Whilst use of it is often dependant on your application and therefore unavoidable, sp_prepare can have a serious unintended impact on the performance of your queries.
Recently, I was looking into an interesting problem where a query was taking over 5 minutes when executed via the application, as opposed to a matter of seconds when ran with SSMS.
Running a trace showed us that the application was using sp_prepare and sp_execute to prepare and execute the statement which was generated by the application. So why was this causing such a large discrepancy from the “expected” execution time which we had observed when running the query ourselves?
We started by collecting the query plans in both cases and could see that when the query was executed from SSMS, the query optimizer had estimated a relatively low number of rows would be returned from the parameterised where clause. It therefore chose to carry out a seek on a non-clustered index, with a nested loop to get the selected columns from the clustered index.
In the case of the statement executed with sp_prepare and sp_execute, the plan showed that a hugely expensive scan of the clustered index was taking place. But with an identical value for the parameter, surely the plans should be identical?
Further investigation of the query plan showed that the estimated number of rows returned due to the where clause was spot on when the query was run directly, but wildly off when sp_prepare was used. To demonstrate this, I’ve crafted an example that you can follow along with.
Demo
In this demo, we are using the Stack Overflow 2010 sample database: https://downloads.brentozar.com/StackOverflow2010.7z
The code in full can be found in my github repo: https://github.com/JamesWMcCarthy/SQL-Demos/blob/main/sp_prepare_blog_demo.sql
We first create a non-clustered index on the Posts table, to recreate the problem:
CREATE NONCLUSTERED INDEX [IX_Posts_CommentCount] ON [dbo].[Posts] ([CommentCount] ASC); GO
Let’s start by clearing the plan cache, to ensure no existing plan is re-used. (Note: Do not do this on a production server!)
DBCC FREEPROCCACHE;
Now, let’s execute two queries, with the where clause values hardcoded:
SELECT AnswerCount FROM Posts WHERE CommentCount = 0; SELECT AnswerCount FROM Posts WHERE CommentCount = 27;
If we inspect the query plan used for each statement, we can see the optimizer chooses a different plan when the value is 0.
as opposed to when it is 27.
This is because 1.9M posts are returned where there are 0 comments, which is over half of the table, so a scan of the clustered index is more efficient in this scenario. In comparison, just 124 posts have 27 comments, so a seek of the non-clustered index combined with a key lookup is much more efficient.

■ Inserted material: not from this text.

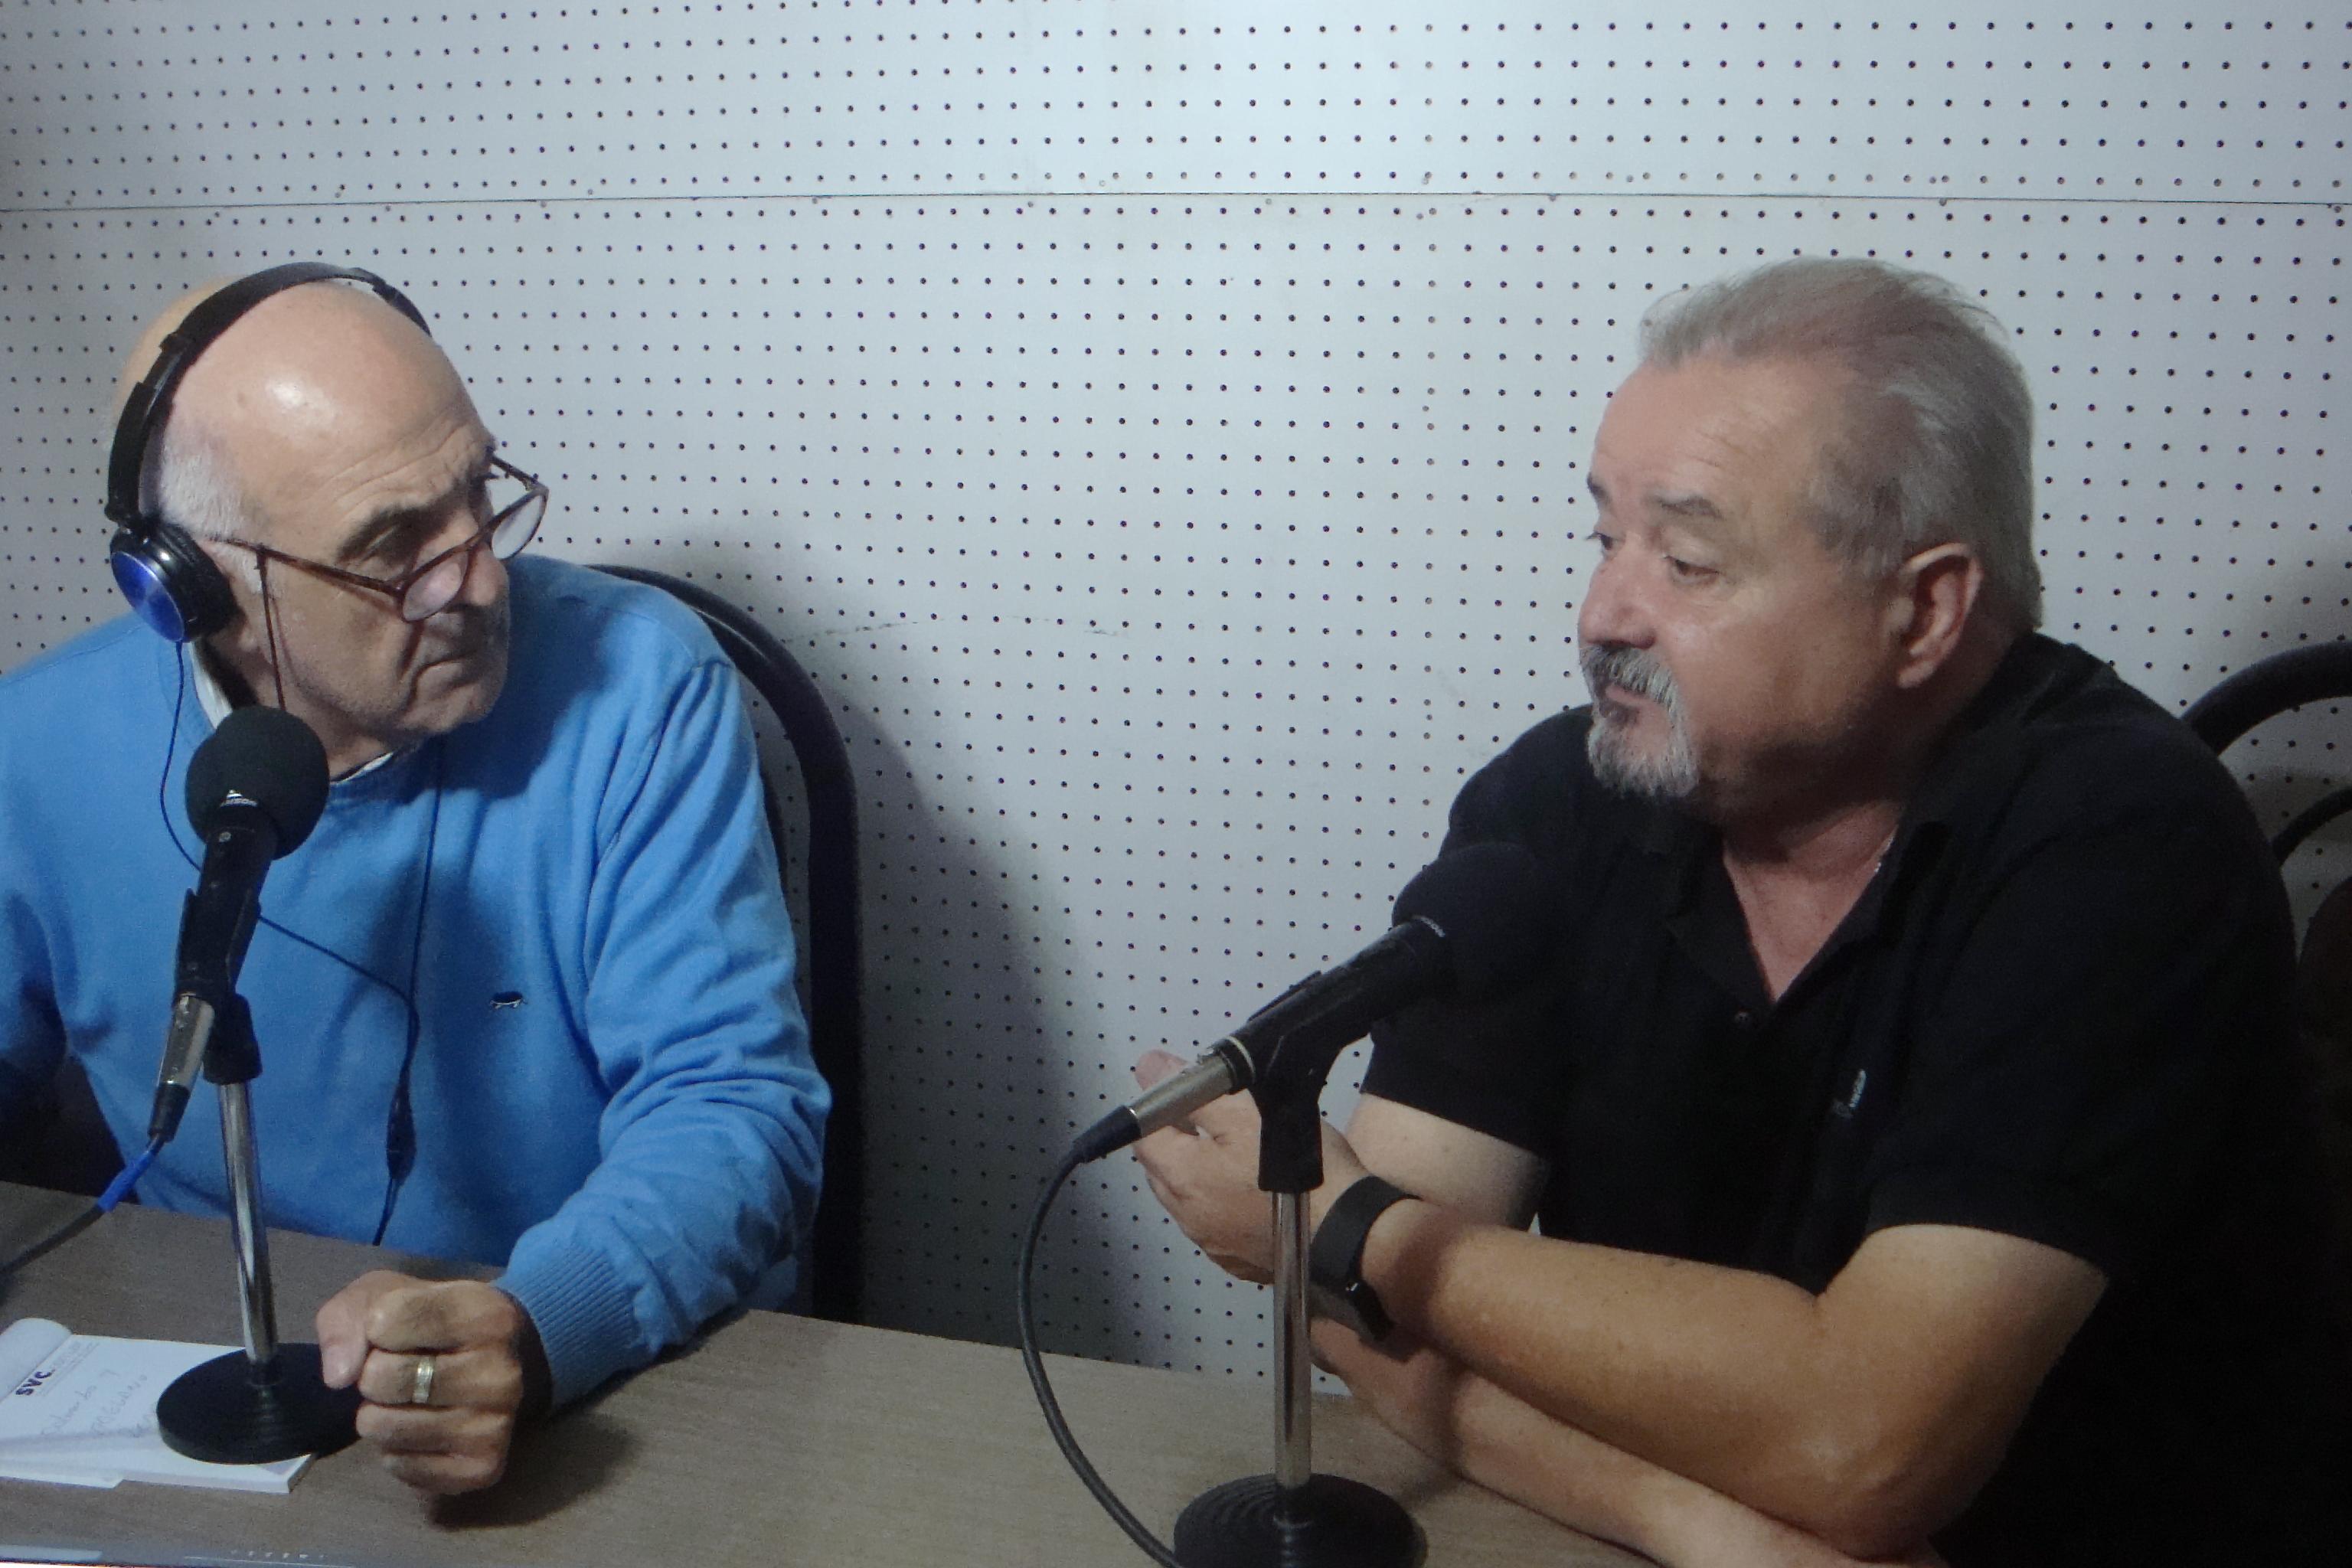 Final de una crónica anunciada: R. Uribarri pegó un portazo a la Cooperativa de Ranchos

Now let’s parameterise the query.
DECLARE @p1 INT; DECLARE @p2 INT; DECLARE @sql NVARCHAR(MAX) = N'SELECT AnswerCount FROM Posts WHERE CommentCount = @i'; EXEC sp_executesql @sql, N'@i INT', 0;
The parameter is sniffed, and the parallel plan is used. If we look at the row estimate, it is spot on:
Let’s clear the plan cache and do the same thing for the posts with 27 comments.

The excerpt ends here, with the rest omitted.